*Assignment*. The data below should be copied out exactly, with its pictures omitted.

*Supplied material*.
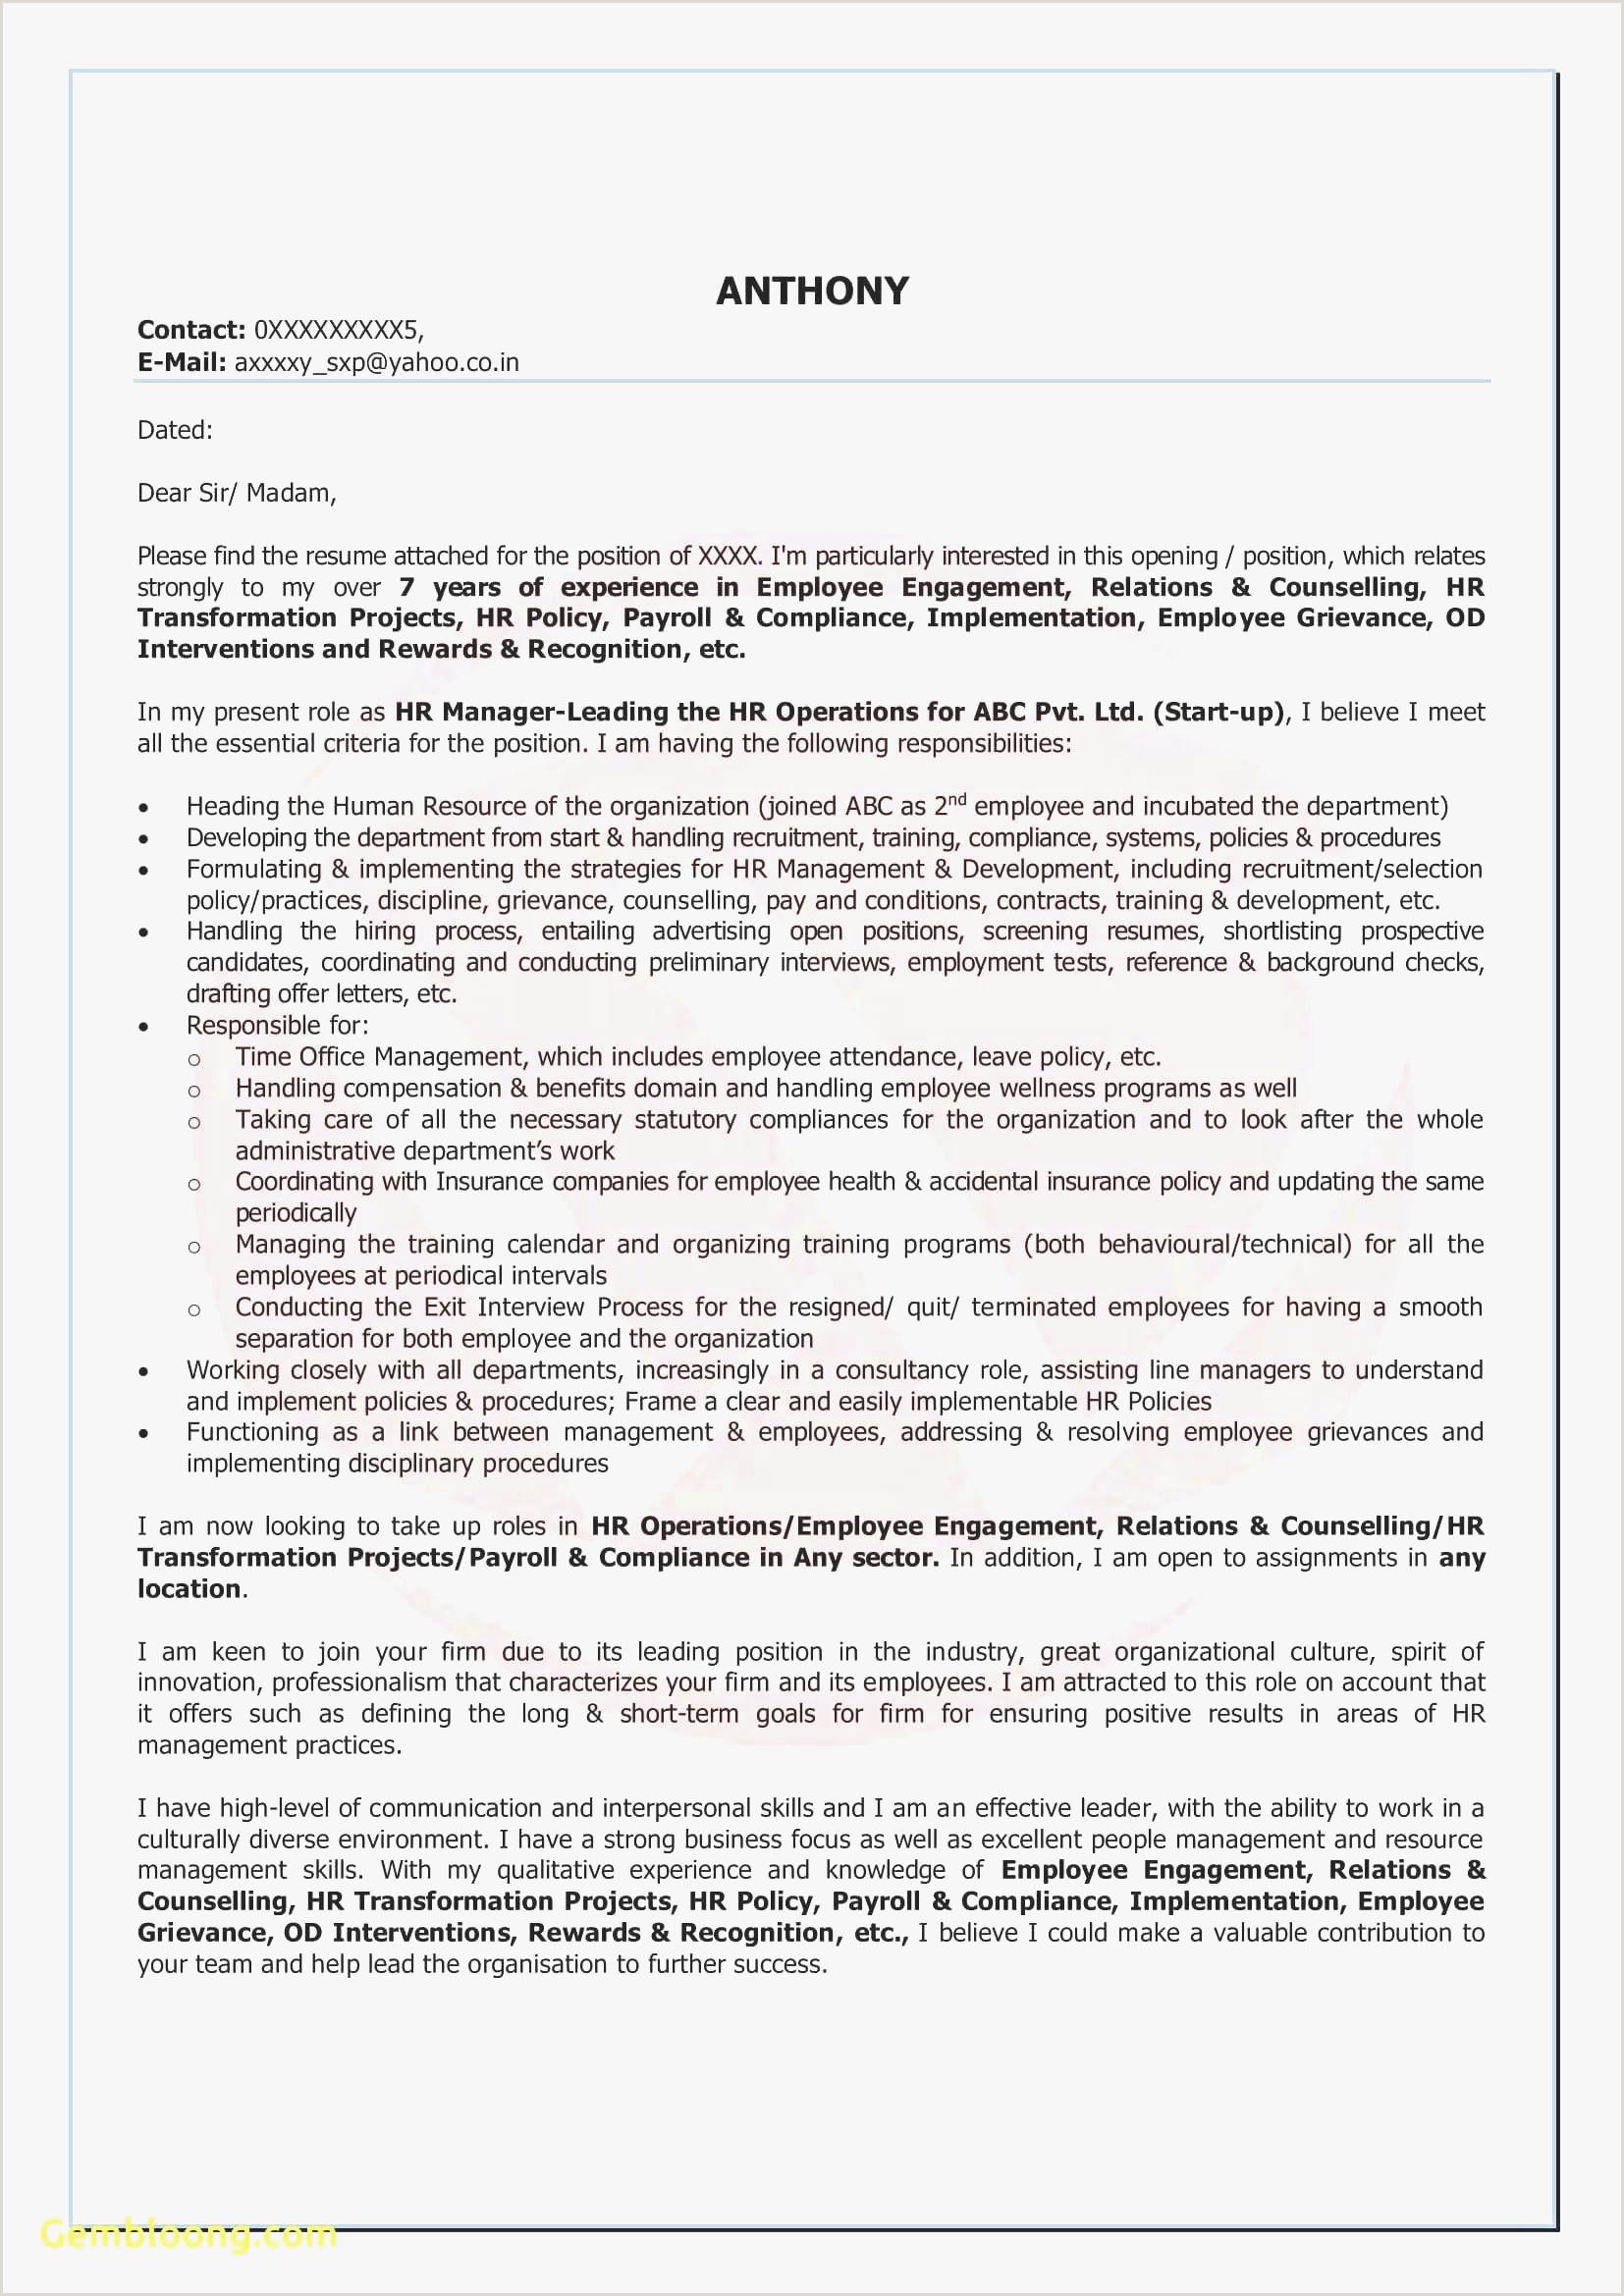 Cover Letter Examples Data Entry Clerical Cover Letter Luxury Resume for Data Entry Job
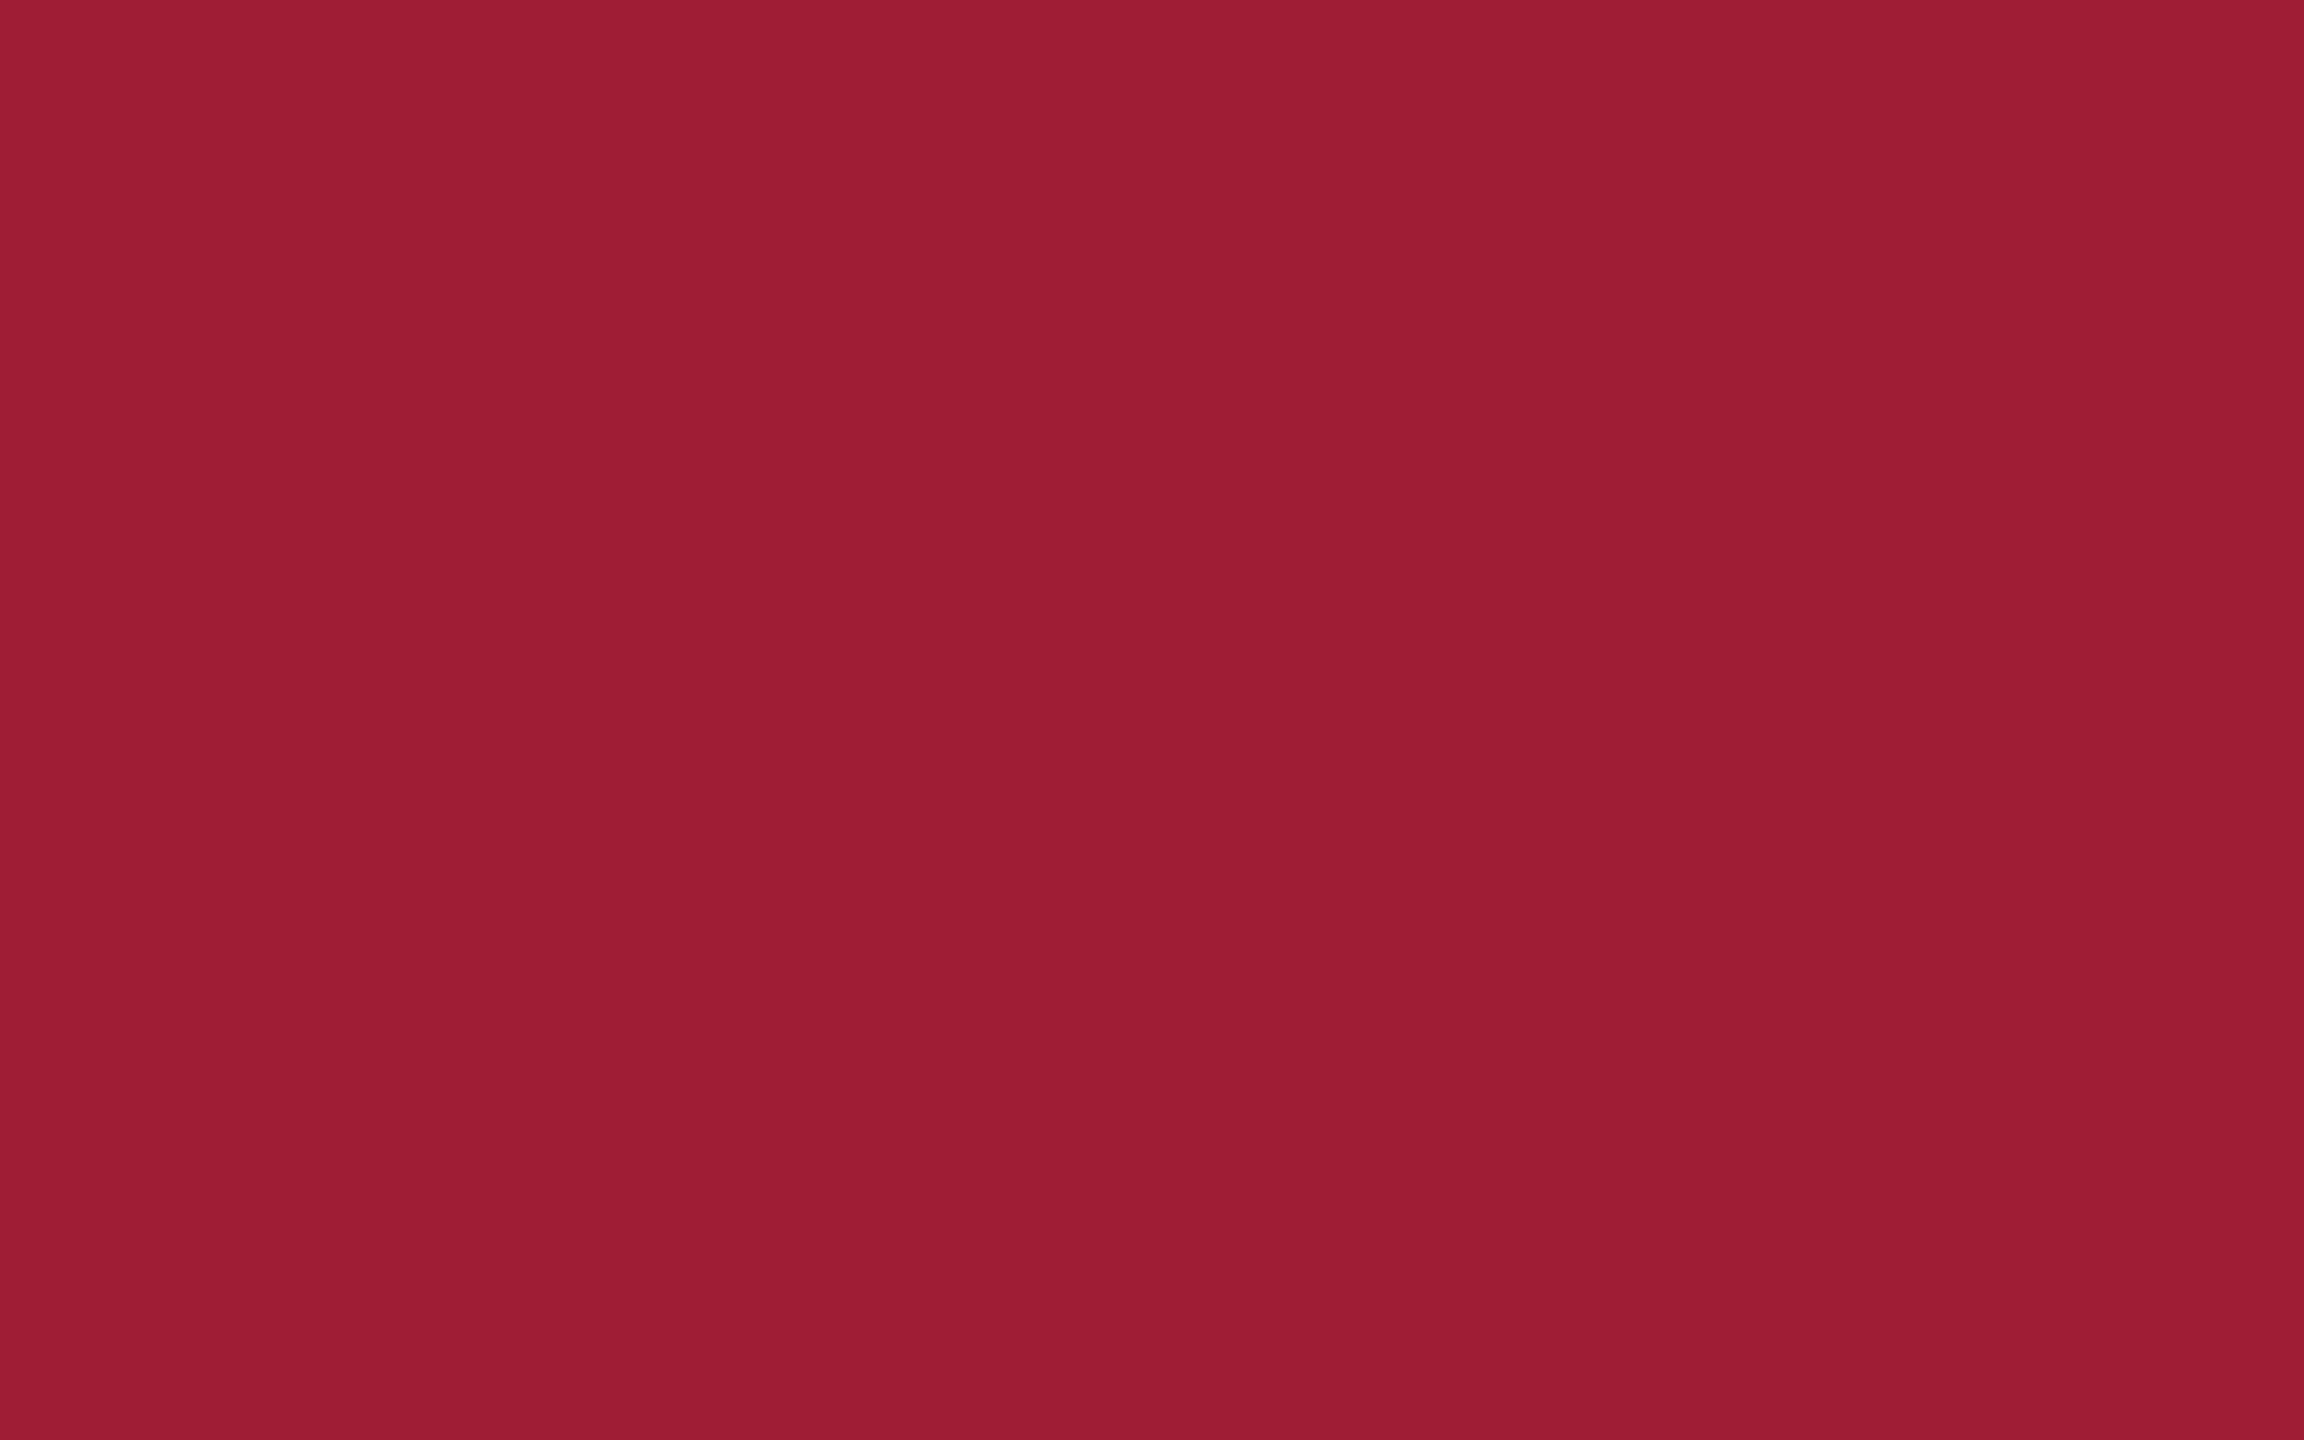 2304x1440 Vivid Burgundy Solid Color Background
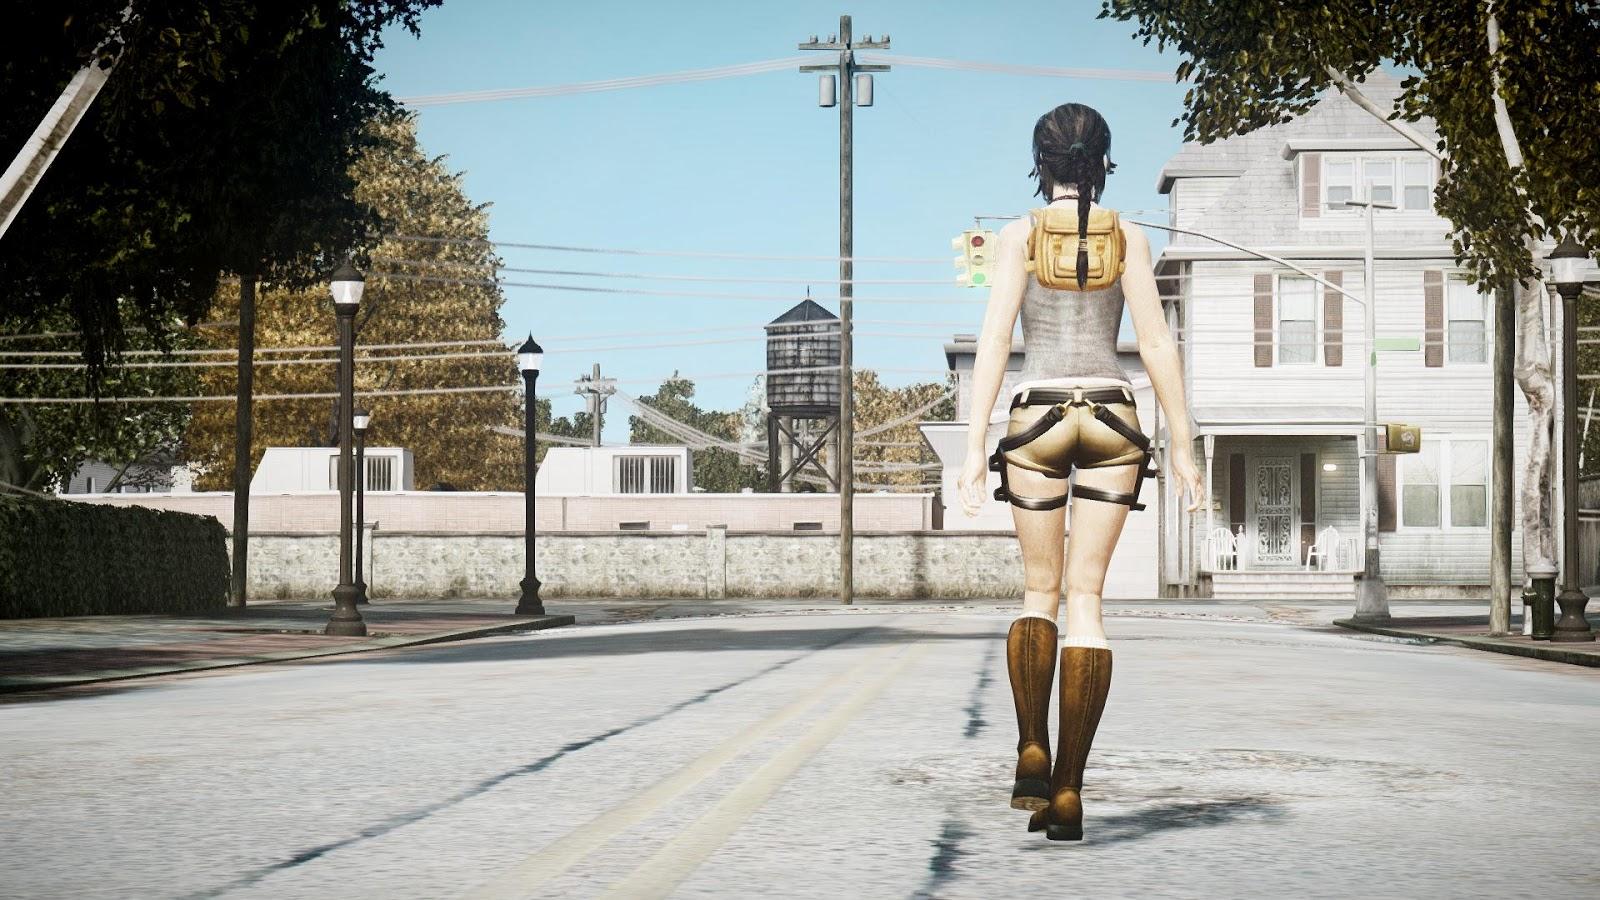 Gta 4 lara croft nude mod ps hentai photos

*Output of the task*.
 Cover Letter Examples Data Entry Clerical Cover Letter Luxury Resume for Data Entry Job
 2304x1440 Vivid Burgundy Solid Color Background
 Gta 4 lara croft nude mod ps hentai photos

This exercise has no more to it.